TAKALAR | Bangkit Nusantara News.id – Tragedi memilukan yang merenggut nyawa dua balita di lokasi pembangunan Proyek Sekolah Rakyat di Dusun Bonto Sunggu, Desa Pa’rappunganta, Kecamatan Polongbangkeng Utara, Kabupaten Takalar, Sulawesi Selatan, memicu desakan keras dari LSM Gerakan Masyarakat Bawah Indonesia (GMBI) Distrik Takalar agar aparat penegak hukum segera memeriksa dan memproses pihak yang bertanggung jawab.
Kedua korban, Arzad (4) dan Asril (3), ditemukan meninggal dunia setelah tenggelam di lubang galian septic tank proyek yang dikerjakan PT Nindya Karya (Persero) pada Rabu (27/5/2026). Peristiwa tersebut memunculkan dugaan kuat adanya kelalaian serius dalam penerapan standar keselamatan kerja dan pengamanan lingkungan proyek.
Koordinator Divisi Investigasi DPD LSM GMBI Distrik Takalar, Muh. Rizal, menegaskan bahwa kematian kedua balita tersebut tidak dapat dianggap sebagai musibah biasa. Menurutnya, insiden itu merupakan akibat langsung dari lemahnya pengawasan dan pengamanan di area proyek yang memiliki nilai kontrak mencapai Rp229,4 miliar.
“Kami sangat berduka atas meninggalnya dua anak tersebut. Namun di sisi lain, kami juga mempertanyakan bagaimana proyek sebesar ini bisa berjalan tanpa sistem pengamanan yang memadai. Ini bukan sekadar kecelakaan, tetapi diduga kuat akibat kelalaian yang harus dipertanggungjawabkan secara hukum,” tegas Rizal kepada wartawan, Kamis (4/6/2026).
Berdasarkan hasil investigasi lapangan dan keterangan warga sekitar, area proyek disebut tidak memiliki pagar pengaman yang tertutup rapat. Selain itu, sejumlah titik akses dinilai terbuka sehingga anak-anak dengan mudah masuk ke lokasi pembangunan. Warga juga menyebut sistem pengawasan, termasuk CCTV di lokasi, tidak berfungsi secara optimal.
Lubang galian septic tank yang menjadi lokasi tenggelamnya korban diketahui memiliki kedalaman sekitar dua meter dan dipenuhi air hujan. Namun, tidak terdapat penutup, tanda peringatan bahaya, maupun pembatas pengaman yang memadai untuk mencegah warga, terutama anak-anak, mendekati area berisiko tersebut.

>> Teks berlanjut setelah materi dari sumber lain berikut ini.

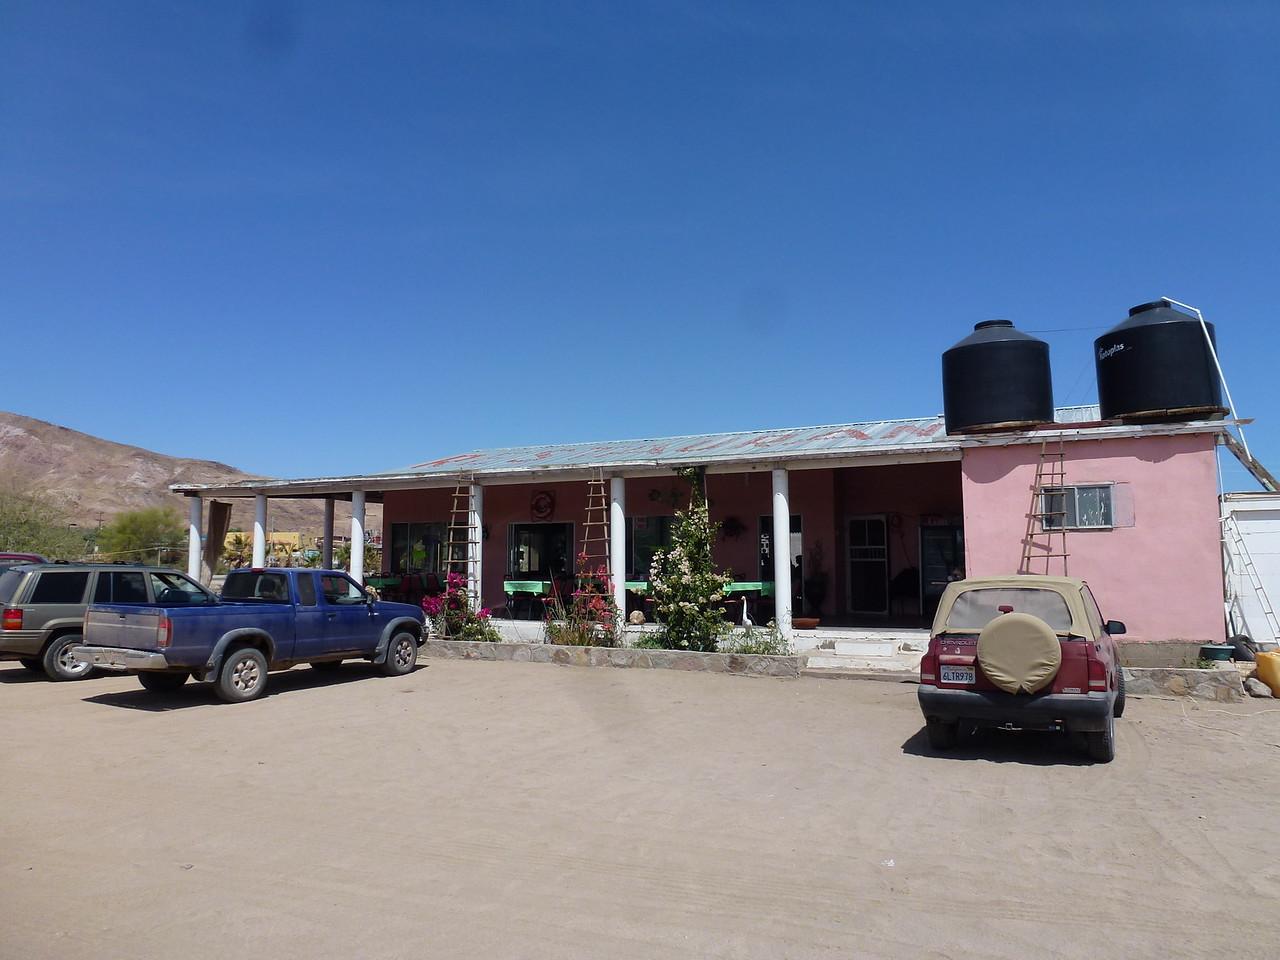 Had breakfast here at Alejandrina's place in Bahia

Menurut warga, kondisi tersebut sudah berlangsung cukup lama meski lokasi proyek berada di tengah kawasan permukiman yang padat penduduk dan sering menjadi area bermain anak-anak.
GMBI menilai pernyataan pihak kontraktor yang mengklaim telah menerapkan pengamanan ketat bertolak belakang dengan kondisi nyata di lapangan.
“Klaim pengamanan ketat itu perlu diuji. Fakta yang kami temukan berbeda. Banyak akses yang terbuka dan pengawasan tidak maksimal. Karena itu kami meminta penyidik memeriksa secara menyeluruh mulai dari manajemen proyek, pengawas lapangan hingga petugas keamanan,” ujar Rizal.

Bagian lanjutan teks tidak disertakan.